As a child, I used to draw all the time, especially in kindergarten during nap time. Very quickly I took lessons at the local youth centre, while at home I reproduced all the objects I found when there was no class. At the end of 9th grade, I wanted to go to an art school and my parents didn’t oppose it. So I started at the Maximilien-Vox high school (then the rue Madame school), before joining Estienne. Drawing has always been a passion, a kind of aptitude from the start.

 

You explain that you were first intrigued graphically by the juxtaposition of Mayan codex symbols.
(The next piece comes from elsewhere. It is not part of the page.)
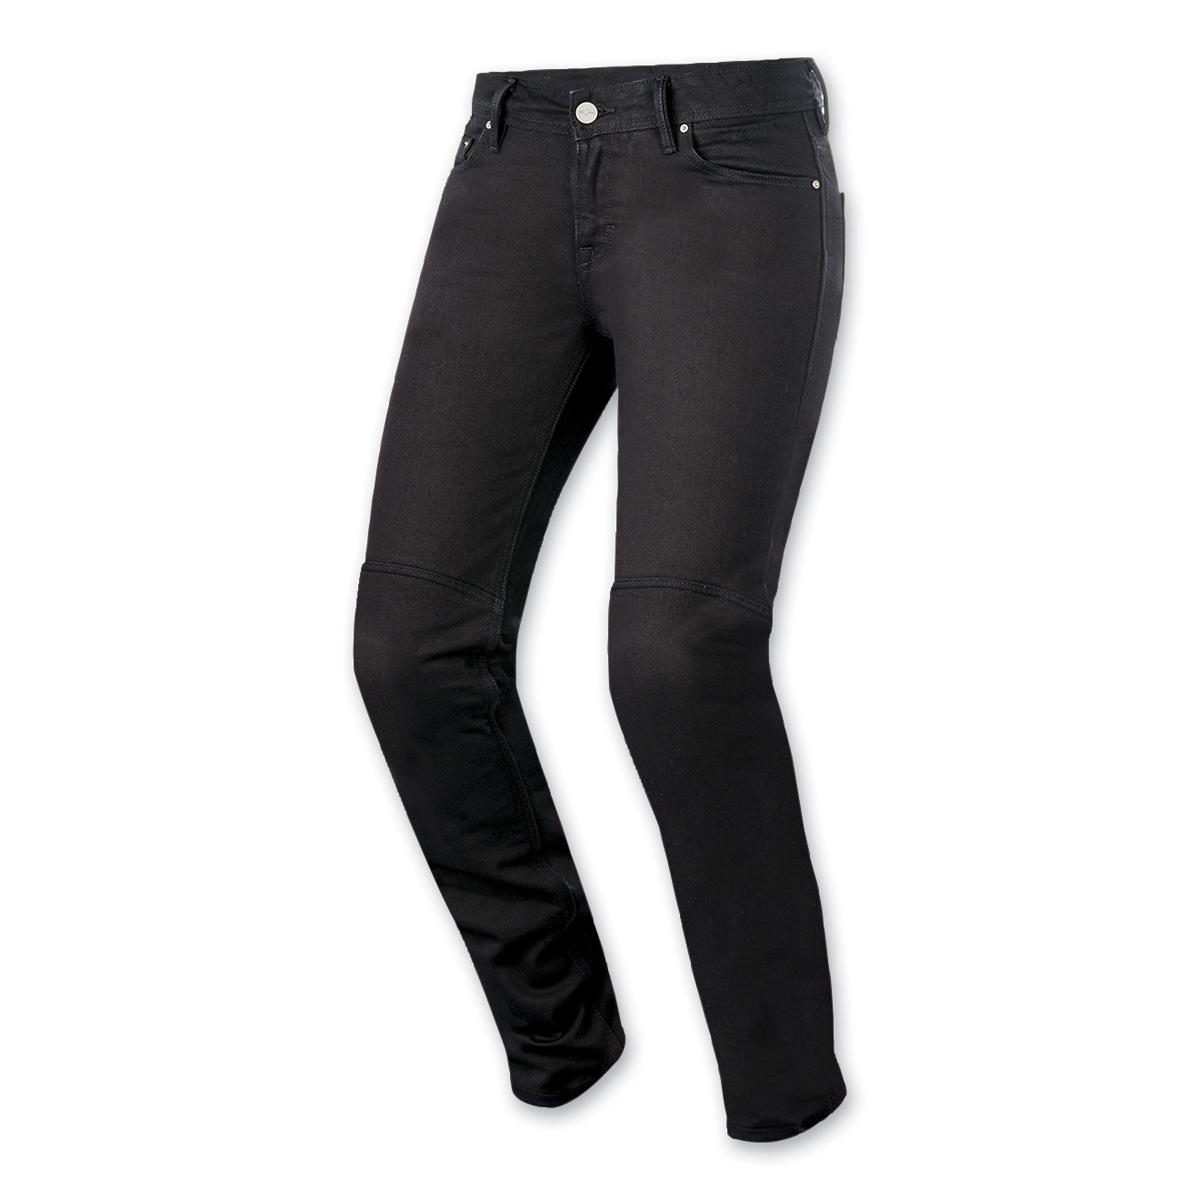 Alpinestars Women's Daisy Black Denim Jeans

From the beginning I wanted to represent my surroundings. When I discovered the Mayan codexes, I realized that it was a form of writing that made it possible to tell stories. For me, who didn’t know this language, it was the possibility offered to link different elements while keeping a freedom of interpretation according to the point of view. There were symbols, such as the repetition of the same character at different stages of his life within the same image. So my first painting was a fetus turning into a skeleton, the representation of the cycle of human life, with a character getting up, going to work, eating, going home and sleeping. To represent the human being I created my first very simple character, with a square, a head and two arms, so that I could reproduce it easily.

Has coming from advertising had an influence on your work and the way you perceive society?
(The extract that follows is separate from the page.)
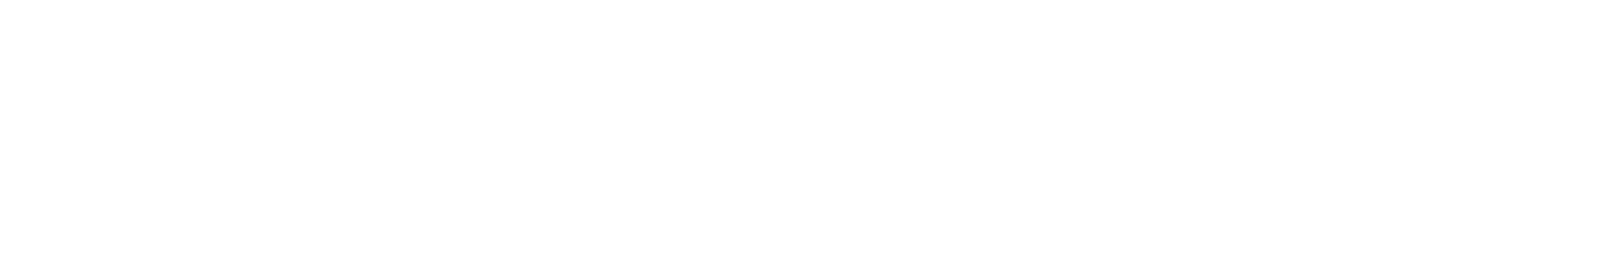 Datacapt

At the Estienne school I was in visual expression, which in principle trains me more to be an art director than an artist. I learned to decipher an image, to understand that everything it contained was symbolic, whether it was a person (which represents a social background or a way of thinking) or a colour. But if we know how to decode images, we can also code them, and I use this promotional language to defuse the propaganda put in place and divert it.

What is the difference for an artist between the 80s and today?

Artist in the 80’s and in the 2010’s are two different professions. Before, the artist only existed through representation in galleries, whereas today he has to promote himself, feed social networks next to his studio work. All this takes a lot of time, it’s really two activities in parallel. Moreover, not everything that predates the Internet exists, because there are very few traces of it. For collectors it is impossible to know if one has been painting for five or ten years.

GRAPHIC EVOLUTIONS

What techniques did you start with? How did the street appear in your path?

In the beginning I just used paint, but mostly I painted on upholstery because my father is an upholsterer and decorator. I have always been surrounded by fabrics that inspire me, offering me themes: Indian colours, a shiny aspect for luxury or raw for prehistory. My street work appeared in the year 1980, when I finished my art studies and started to paint again. It took me some time to deform myself and try to find my own writing. At that time there was no access to galleries, which did not accept my work, but I wanted to be confronted with an audience. That’s how I started to reproduce the paintings in stencil form and stick them around my building.

 

Your work on caniles de Jouy is already in this respect an exercise in recomposition, like what your works on pixelisation will be.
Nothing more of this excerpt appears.